Working on general cubic equation solver in form ax^3+bx^2+cx+d=0 And have no clue for special cases:
In terms of cubic there should be one real root and two complex, or 3 real roots if coefficients is real. (not sure if coefficients is complex or few or one of them then what?)
Before processing standard - say Cardano method to avoid divisions by zero we should work out edge cases, for example: What if
- constant 'd' is zero (this may happened when we use solver with some dynamic objects that specify positions etc) then I found that factoring of x is used, fill one of root as 0 and other two will be from solution of quadratic equation, just solve ax^2+bx+c=0 result will be second and third roots.
- coefficient 'a' is zero, seems obvious we just got then bx^2+cx+d=0 question is same as for 'd' but there is no clear explanation how we treat roots.
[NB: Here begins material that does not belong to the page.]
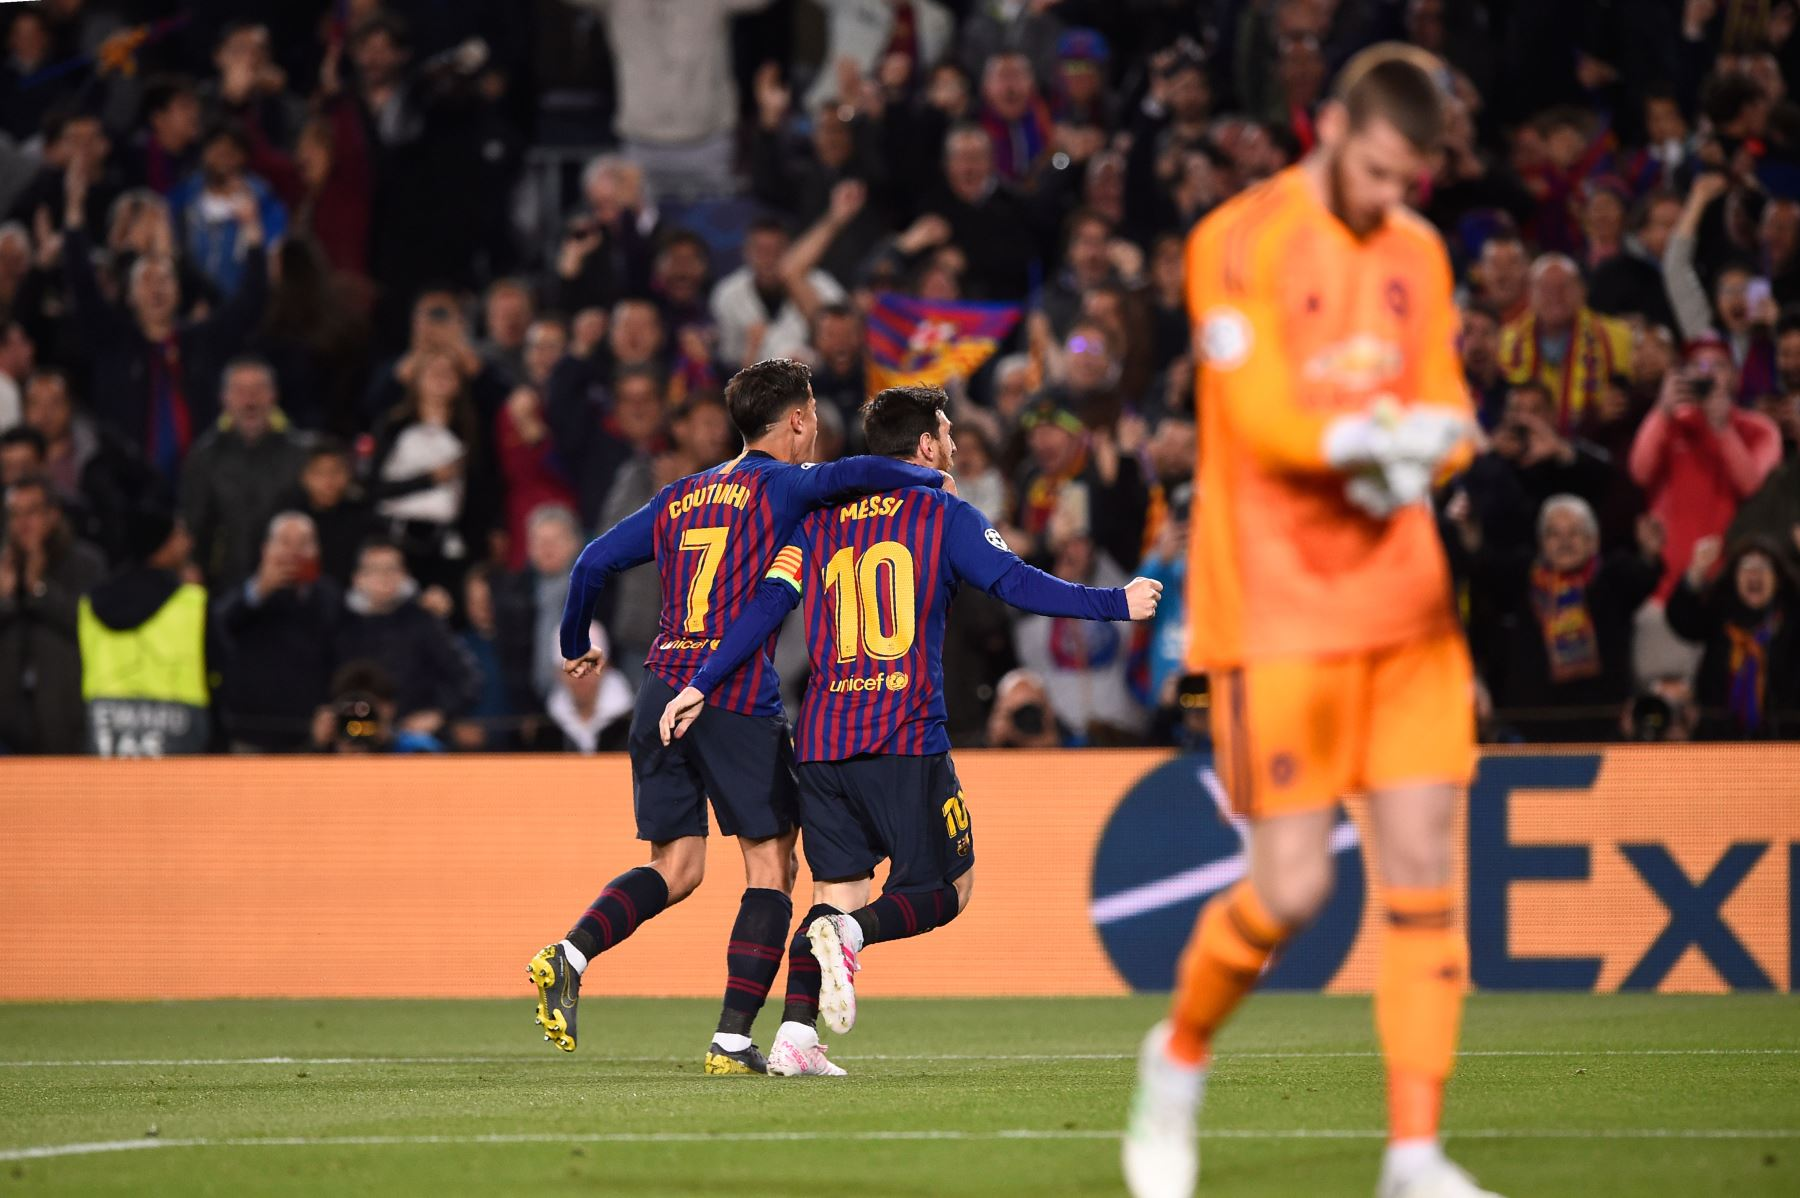 El delantero argentino del Barcelona Lionel Messi (C) celebra con el mediocampista brasileño Philippe Coutinho luego de anotar durante el partido de fútbol de la segunda jornada de la UEFA Champions League entre el Barcelona y el Manchester United.Foto:AFP

Quadratic solver that is used for those two cases like first if a zero then we obtain result from it, but depending on coefficients there can be one root if we can't go to discriminant part and some coefficients is zero too like we obtain linear equation that have one solution, or no solutions or infinite solutions or one means repeated root, or two distinct real roots, or two complex roots.
If we work out part with a = 0 separately then for part when d = 0 and quadratic solver may produce result as one/two real roots or two complex roots, and question is if in qubic we already define one of roots as zero then what other two means, does when one root is result we say that cubic has 3 real roots (one zero and two repeated that is equal to that one from quadratic solver), we say 3 real (one zero and two real roots from quadratic) and we say 1 real and 2 complex (one zero and those two complex from solver) or we need to something to be adjusted etc?
Now back to part when a = 0
There is no description in any sources for solving cubics, how treat one/two real and two complex solution then in terms of filling 3 roots for cubic with results, and how treat cases if b/c/d may be also zero when handling quadratic solution if it may result to no solutions or infinite solutions.